Gatto Isidoro sorrideva beato nel centro del quadrante che segnava le quindici e cinque. Mentre al bancone un ignaro avventore chiedeva che gli fosse macchiato il caffè, nel retro del bar, un anziano signore, in elegante giacca grigia, stava riponendo un mazzo di carte nel suo astuccio. Sapeva che erano passate le quindici, sapeva che aveva vinto il punto di quel sabato, sapeva che avrebbe vinto anche i punti dei sabati seguenti. D’altronde sul regolamento non si faceva menzione di un possibile ritiro, neanche per forza maggiore, né si faceva menzione di clausole particolari da adottare in caso di decesso di uno dei contendenti.
Le lacrime che aveva trattenuto, anche senza troppi sforzi, un paio di giorni prima al funerale di Osvaldo si condensarono in una unica, densa e salata. Forse Alfredo neanche si accorse del suo sgorgare e scivolare sul volto assecondando le linee intrecciate delle rughe, come le biglie di vetro seguivano il percorso tracciato sulla sabbia nei tiepidi pomeriggi estivi della sua infanzia. Indugiò qualche secondo nel ricordo dell'amico, poi ebbe uno scatto schiacciando con uno schiaffo la lacrima che era arrivata in prossimità del mento, come fosse un insetto fastidioso: e, forse, proprio quello aveva pensato del solletico improvviso alla guancia. Si alzò, fece scivolare il mazzo di carte in una tasca e uscì. Ora Gianni stava preparando la schiuma di latte per il cappuccino e rischiò di ustionarsi per rispondere al saluto di Alfredo che infilò l'uscio senza indugiare oltre. Aveva qualcosa da fare a casa.
Mezzora dopo era in poltrona, nella sua bella giacca da camera bordò. Avrebbe buttato un occhio alla TV: un quiz, una partita di calcio o qualche stupido Talk Show e la giornata sarebbe arrivata al capolinea anche stavolta. Forse una telefonata di Gianni o magari una visita con i nipotini chissà! Prima di accendere il televisore, gettò un'ultima occhiata soddisfatta alla lavagna:
Osvaldo - 265 / Alfredo - 263: sotto di due.

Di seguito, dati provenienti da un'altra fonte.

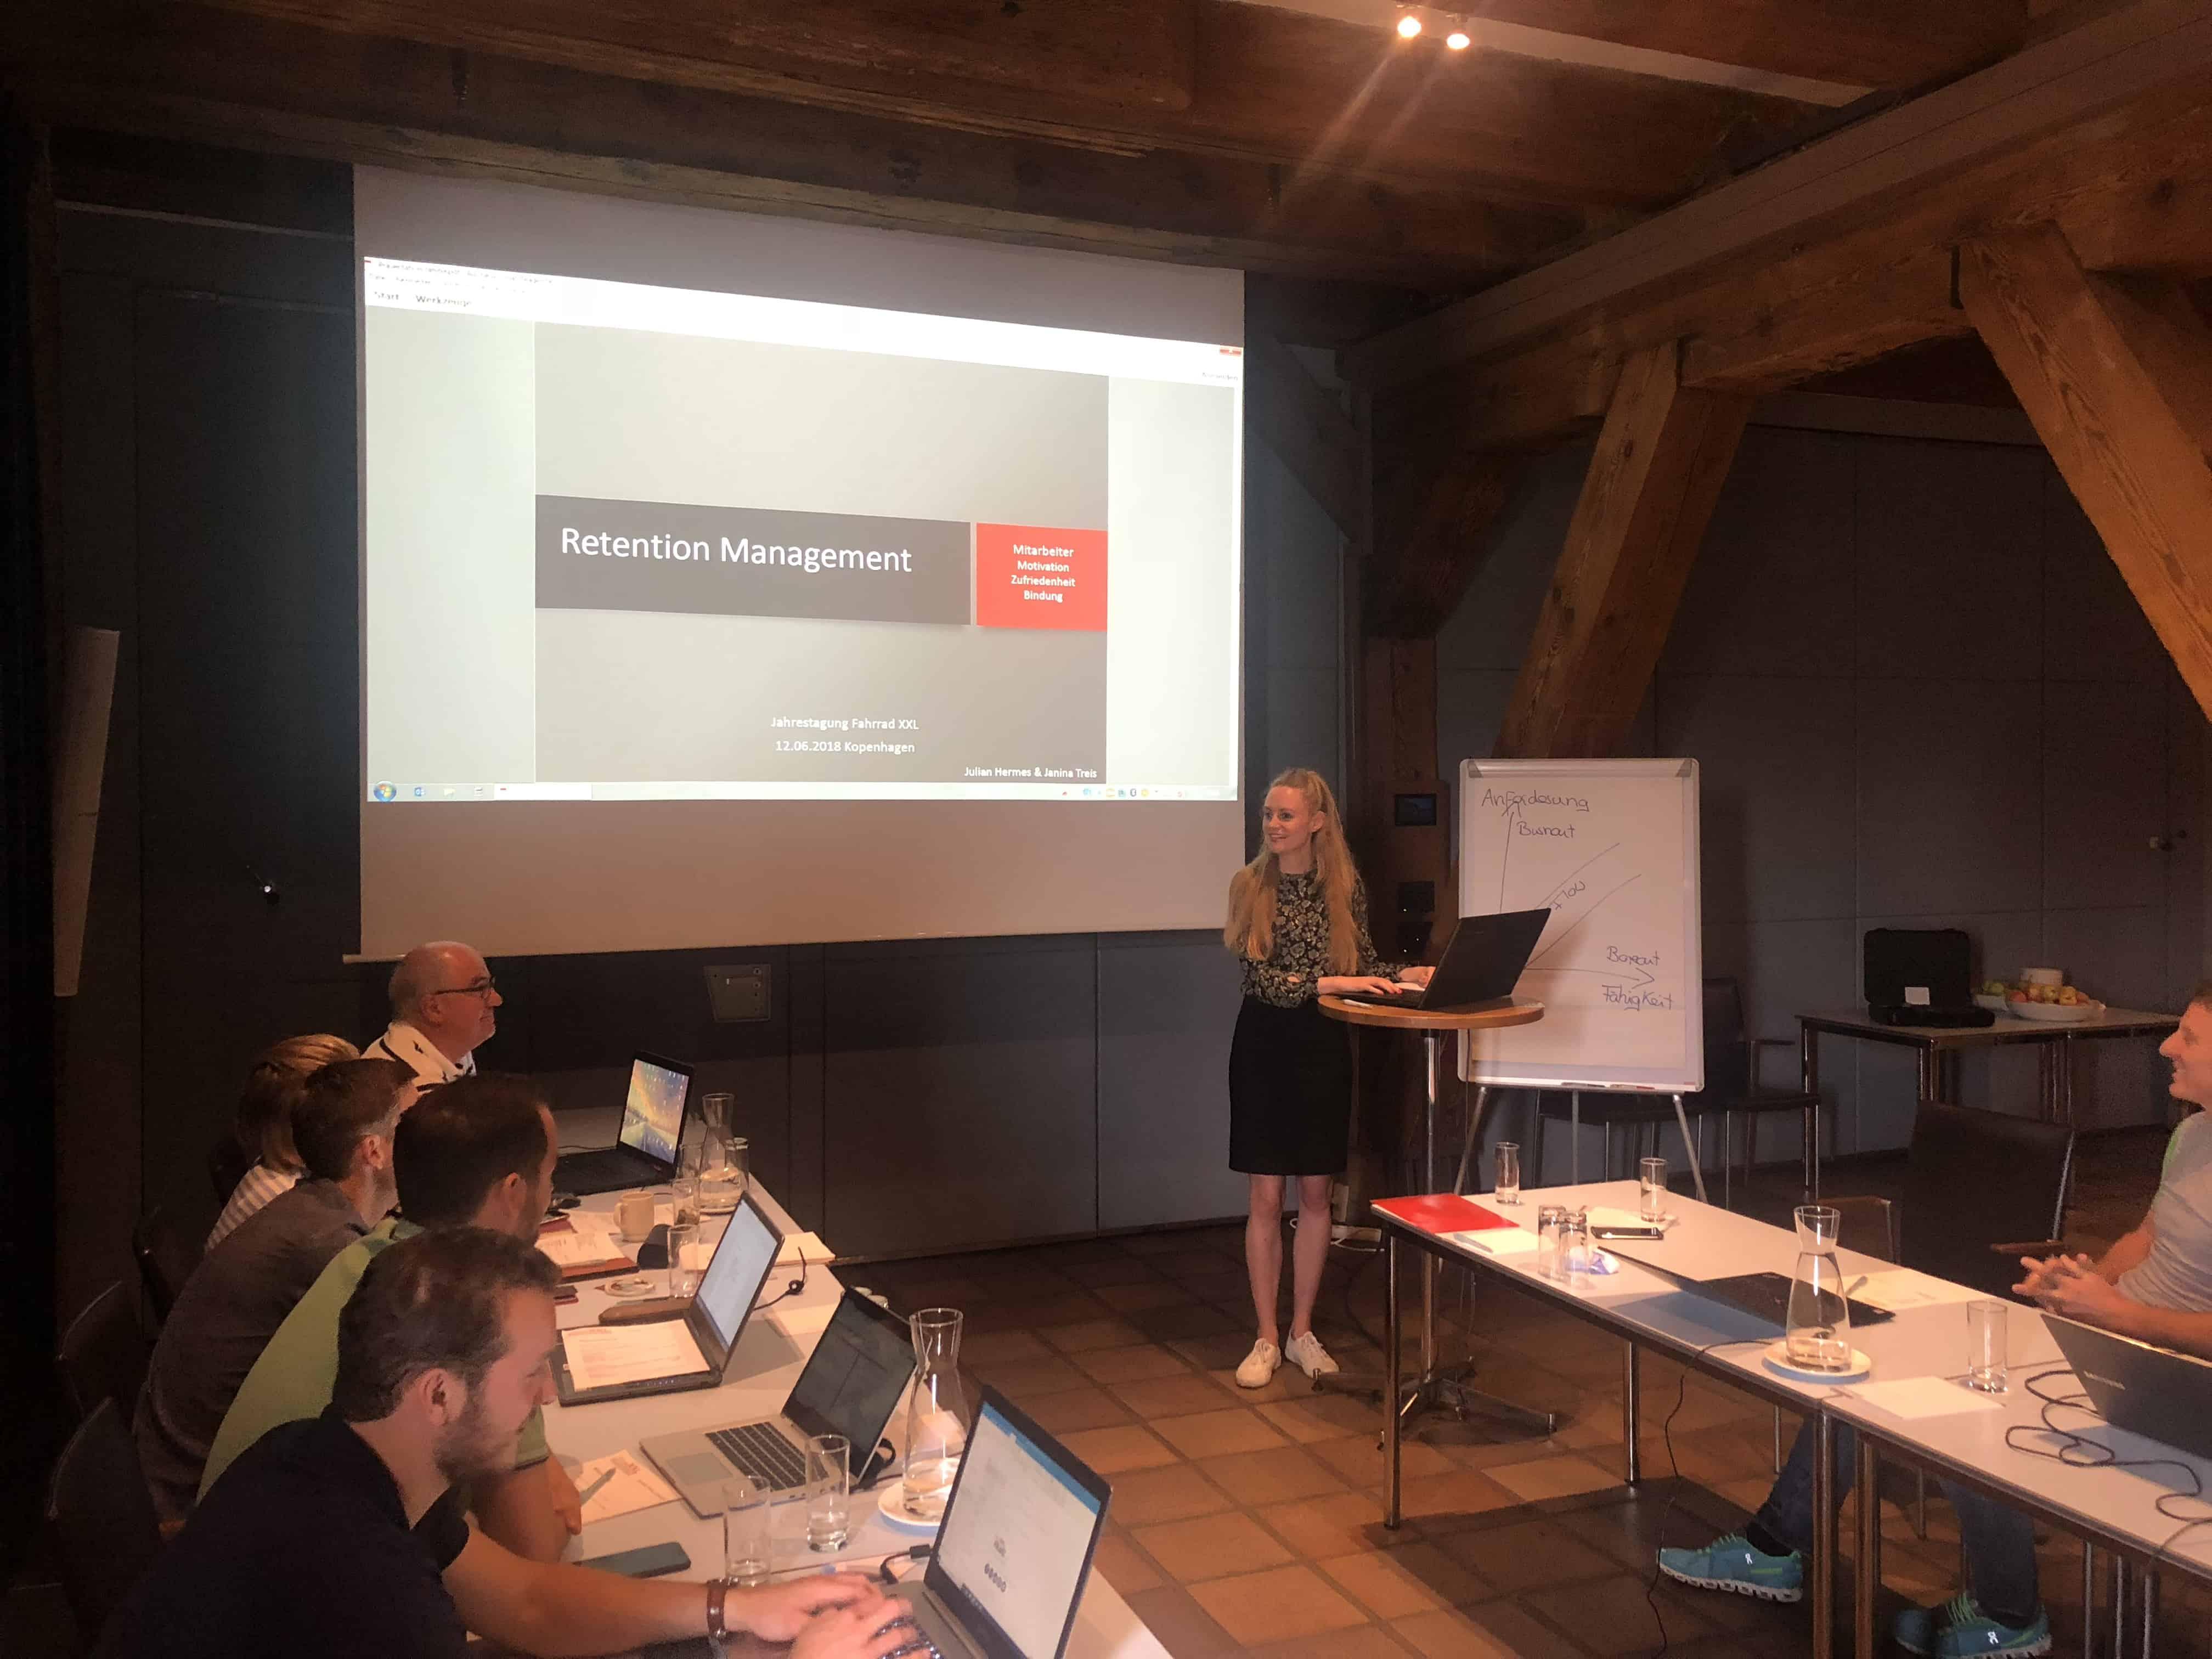 Janina Treis als Speakterin zum Thema Retention Management in Kopenhagen

Altri tre sabati e passerò in testa.
…e dopo? Già, dopo che sarebbe successo?
Un'ombra percorse il suo volto. Sapeva che allora, solo allora si sarebbe reso conto che il suo rivale, il suo amico non c'era più. Che sensazione di abbandono e solitudine. Però ci avrebbe pensato sul momento. Ora non voleva. Non poteva. Aveva qualcos'altro a cui pensare: appena tre sabati e sarebbe passato in testa.
Doveva tenere duro e l'avrebbe vinta lui quella partita.